We’re off to Database Training…
By Tony Sarrecchia

It’s application training like you’ve never seen it. Consider this: Your manager has sent you to an eight-hour class on writing queries against a database. Most people would consider this a test requiring will power of epic proportions and megadoses of caffeine. Couple that with the fact that corporate training is usually so…corporate, and you are dreading the day.

Applications Trainer Janet Stoner was well aware of this. “When I took over,” she tells her class, “this training was 5 slides in a PowerPoint presentation.” She smiles, “I added my own touch to it.”

Indeed. When trainees to her class get off the elevator, they are greeted by a paper scarecrow pointing in two directions. A sign over his straw head reads “Database Training.” The astute observer notices that there are yellow bricks (cut out of construction paper) leading down a hallway to a training room. Outside the door is a pair of ruby slippers and a sign that says “Bell Out of Order, Please Knock.”

If you haven’t guessed by now, Ms. Stoner has taken a dreadfully dusty topic and tied it to the MGM Classic, “The Wizard of Oz.” After entering and signing in, the trainees sit at a work station containing handouts, a training manual, a report dictionary and a pen with the application’s name, website and support number engraved on its side. Next to that is a bowl full of candy, which, according to Ms. Stoner, helps prevent distraction from the stomach grumbles. Additionally, the trainees can win glitter pens for correct answers or good questions.

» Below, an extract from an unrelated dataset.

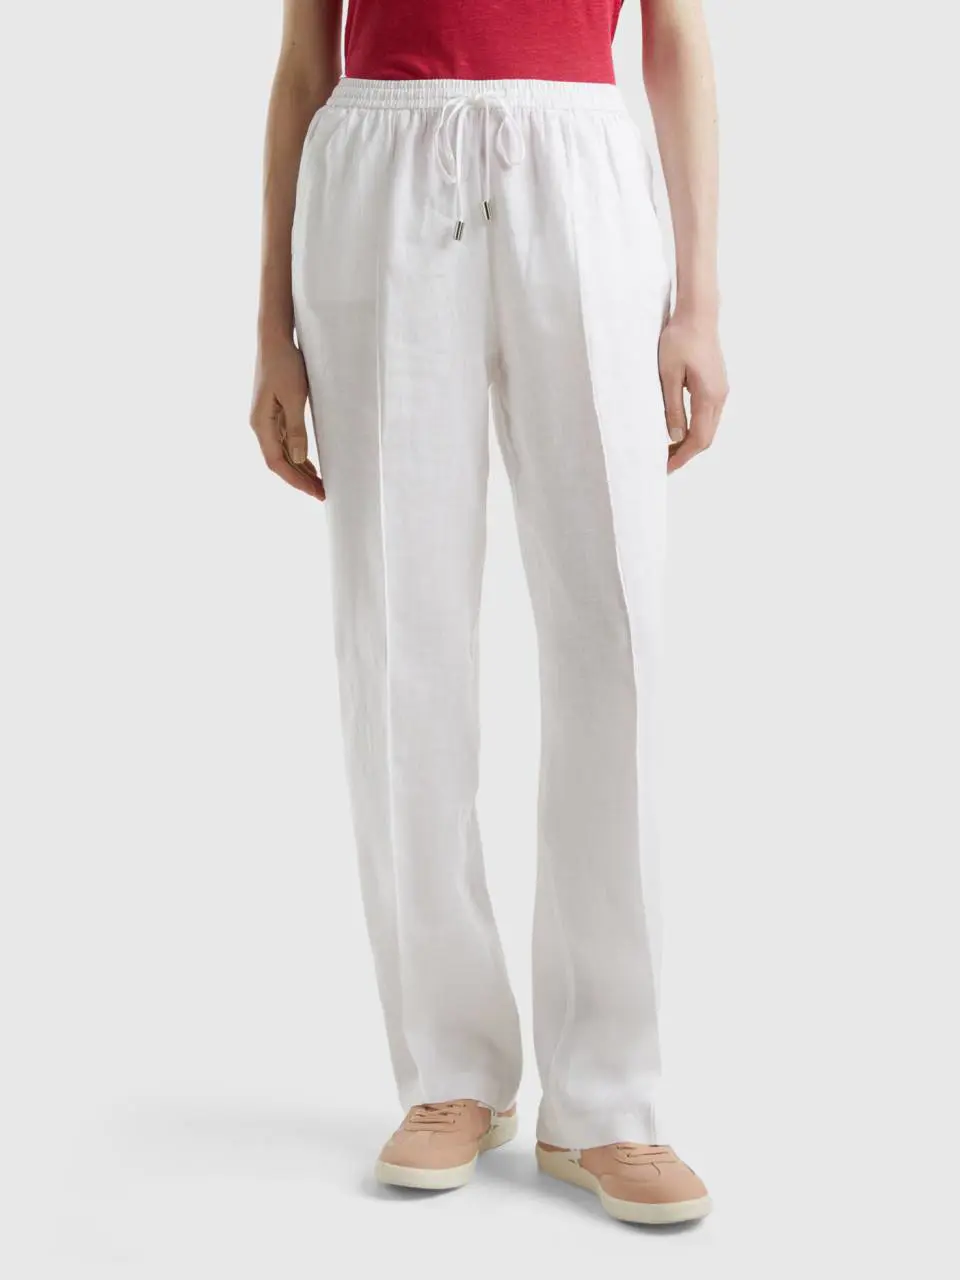 Benetton trousers in pure linen with elastic. 1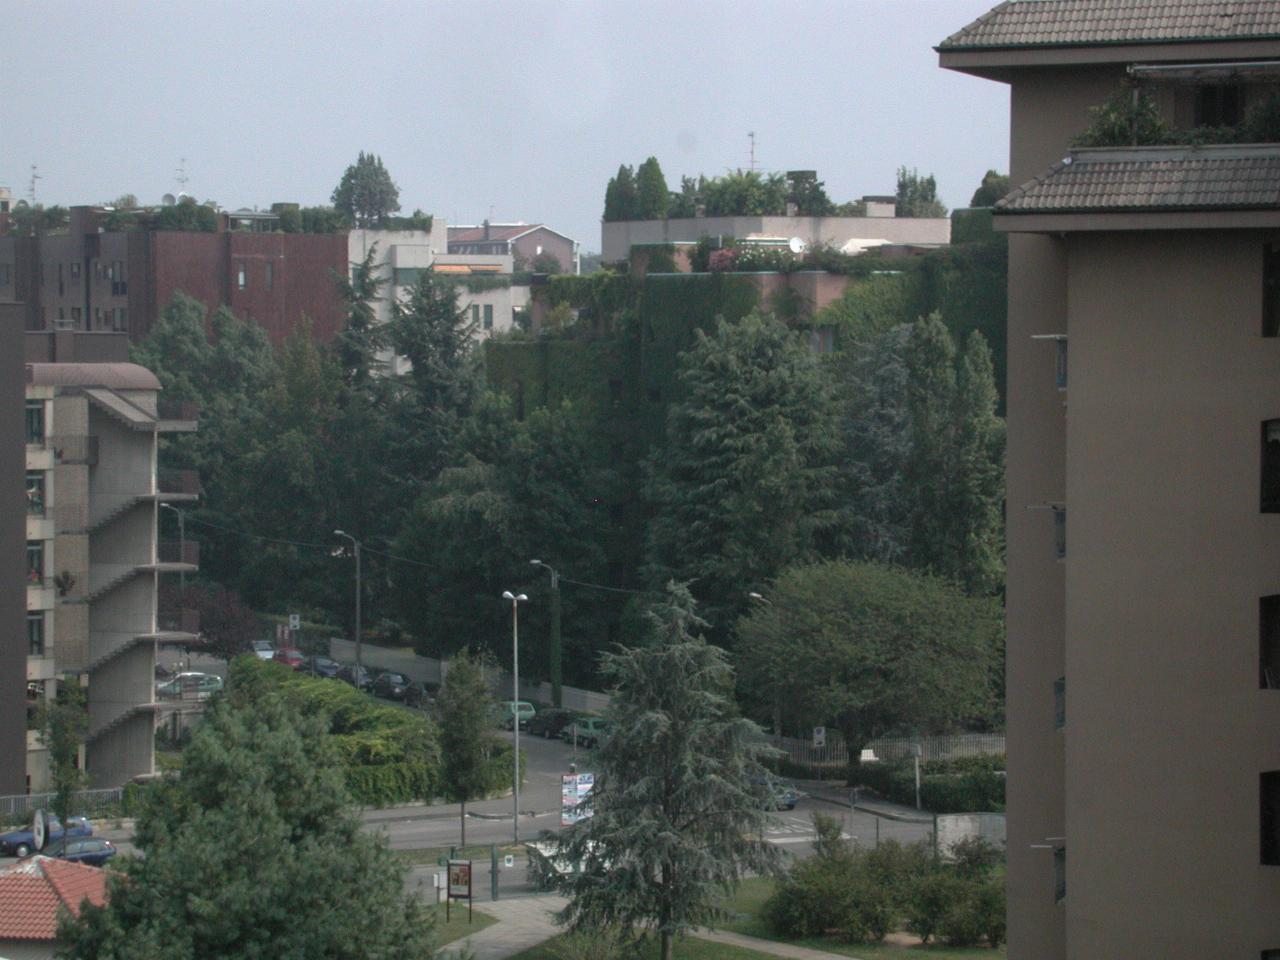 Other nearby apartment buildings, visible from Jon & Sue's apartment

The walls have stills of the movie and there are two storyboards in the front of the room. Each section of the storyboard corresponds to a part of the class. Kansas is the overview, Munchkin Land is the fundamentals, the first visit to Oz is the “Things Users Should Know” and the witch’s castle is the data section. “I’m sure the DBAs [Data Base Administrators] love knowing the data is the evil section,” Ms. Stoner jokingly tells her class.

In the morning, the class is treated to the fundamentals of the software tool they will use as well as animated presentations of tornadoes and a house landing (complete with a splat sound effect) on top of a witch. The metaphor is explained: “See what happens when you don’t understand your fundamentals.”

“It makes the class the move,” one of the trainees told me.

The unique training has shown results that even the most hardened of managers appreciate: Calls to the Help Line about basic questions have decreased dramatically since “Oz” has come to Alpharetta. The feedback sheets the trainees fill out about the class have been positive and that word has spread to the other application trainers.

A source system trainer asked her class if they had been to Janet Stoner’s class. A few of the students raised their hands and the trainer said, “I hope you enjoyed it, because nothing flies around in here,” Ms. Stoner related to me over lunch in the Cingular Cafeteria. “It’s nice when your reputation starts getting around to the other systems.”

After lunch, the trainees see a two-minute movie in which the soundtrack from “WOZ” plays, but the words on the screen are not tornados, but training points for the class. Everyone pays attention, anxious to see what will happen next. There’s not long to wait as a brainteaser appears on the screen. “This was really one of the classes I’ve attended,” said a trainee who had flown in from out of town to take the one-day class, “I really enjoyed everything about it.”

Every twenty minutes or so, the lecture and movie portion ends so that the trainees can have some “hand’s on” time doing an exercise. The class is supposed to be fun, but the take-away is that these people will go back to their departments with the skills necessary to run accurate reports. So far, management has been pleased with the results.

At four o’clock, the graduation ceremony begins. Not content to send the class away with only their passwords to the system, Ms. Stoner plays the “Graduation Song” while each student comes forward to receive his or her diploma that awards them the Honorary Degree of Queryologist.